Details "The type initializer for '<Module>' threw an exception.".

Ok. So faced with this what do I do? I start local. I created a local private transactional queue, a FILE receive and a MSMQ send – to get a message into the queue. This worked fine.

I then wanted to read the message out from the queue and write it back to disk. This did not work, but failed with the same error message.

I created a second queue, non-transactional, and put a message in there and tried to read it from that, to peel away the transactional aspect. Same non-helpful exception.

I was somewhat at a loss. As I expressed my disgust a colleague asked why I didn’t use the WCF-NetMsmq, and though I had no intention of using it in the final solution that brought on the idea of trying that instead. So I configured a port for that and enabled it.
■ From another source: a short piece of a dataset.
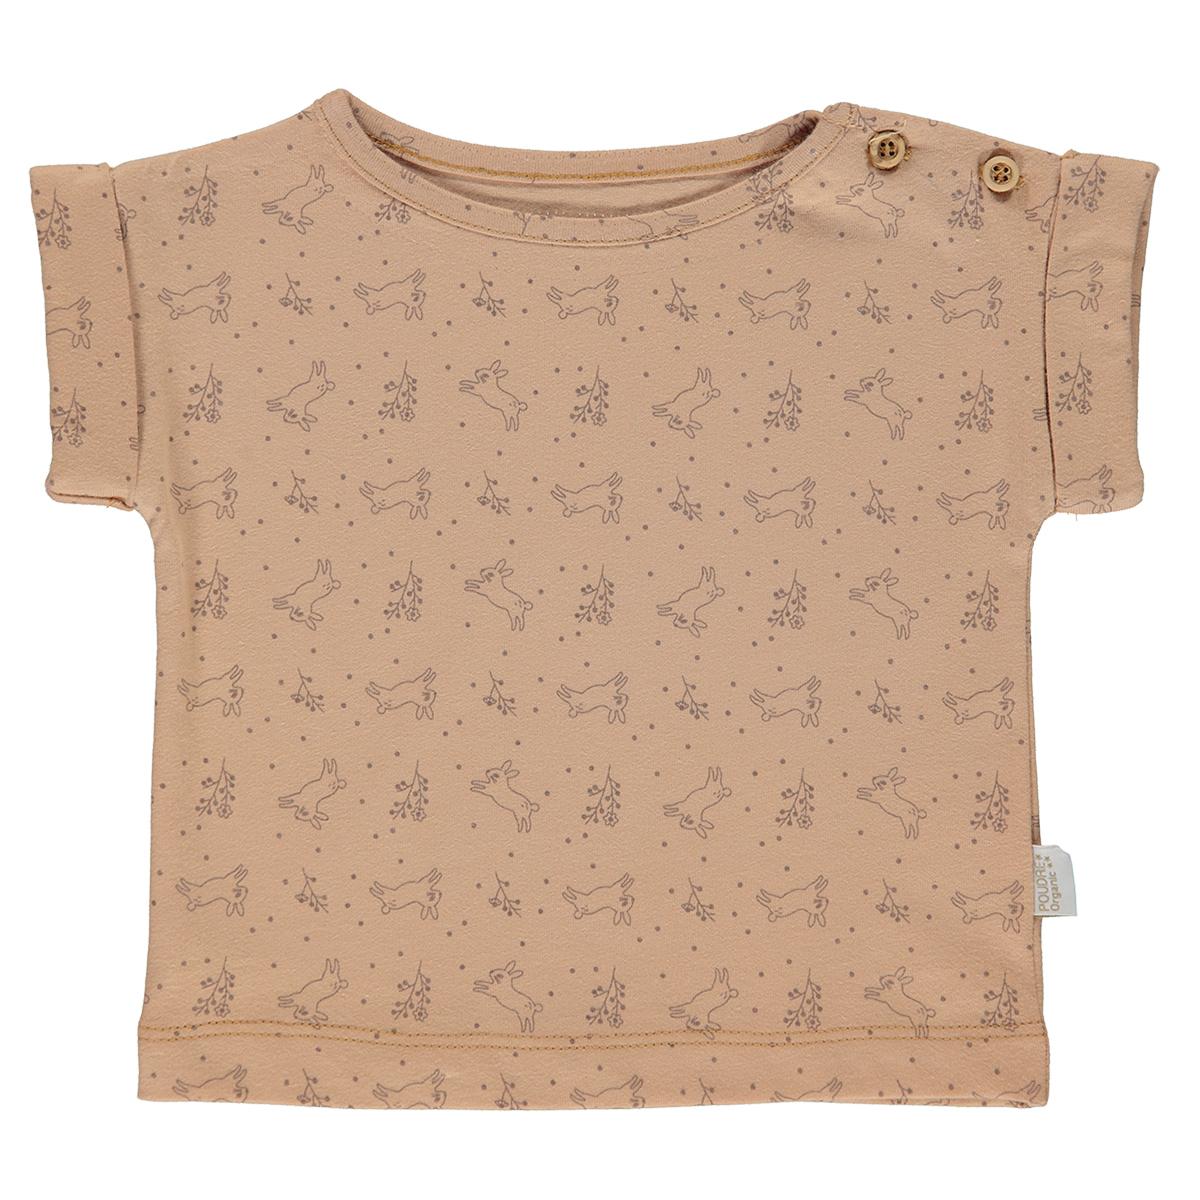 Haut bébé T-Shirt Bourrache Indian Tan et Motifs - 24 Mois T-Shirt Bourrache Indian Tan et Motifs - 24 Mois
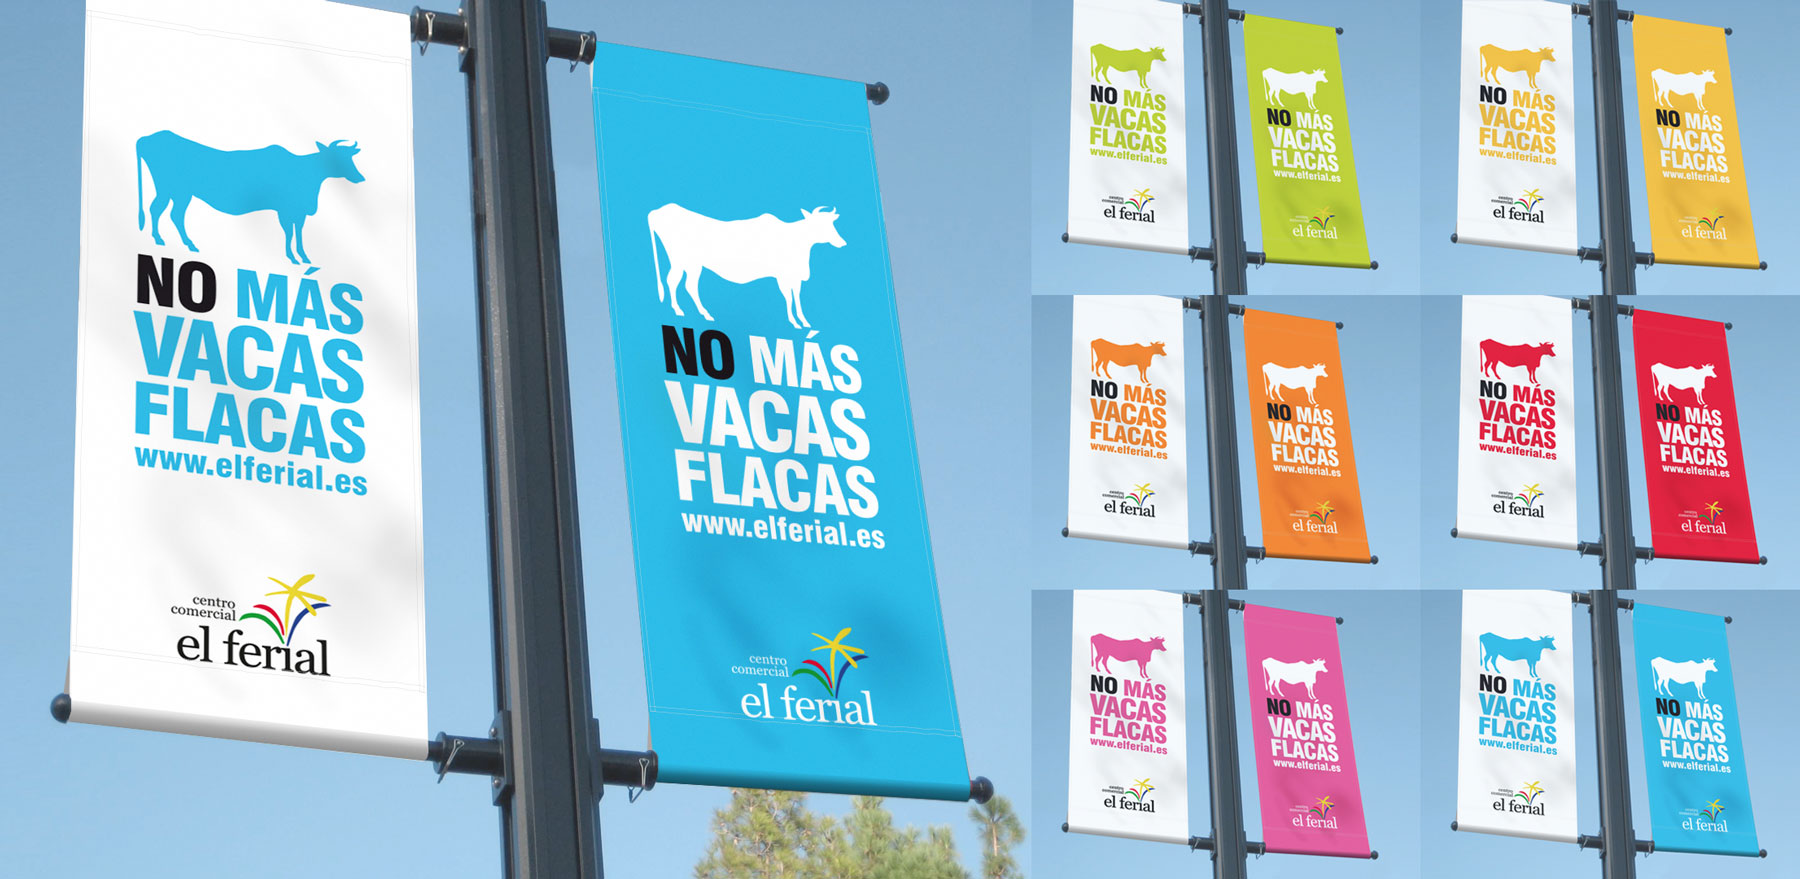 el_ferial_no_mas_vacas_flacas_03

When I did, I got back the message from the queue. However… as I looked in the Event Log I saw error messages from that adapter and looked to see that I had configured it incorrectly – I had continued to put the queue name as xxx\private$\yyy (in the WCF-NetMsmq adapter you don’t use the $). What had happened? I had not gotten the messages with my WCF-NetMsmq port.

As I enabled the WCF-NetMsmq the old MSMQ ports had sprung to life and begun working!

I could now get messages from the local transactional as well as non-transactional queue.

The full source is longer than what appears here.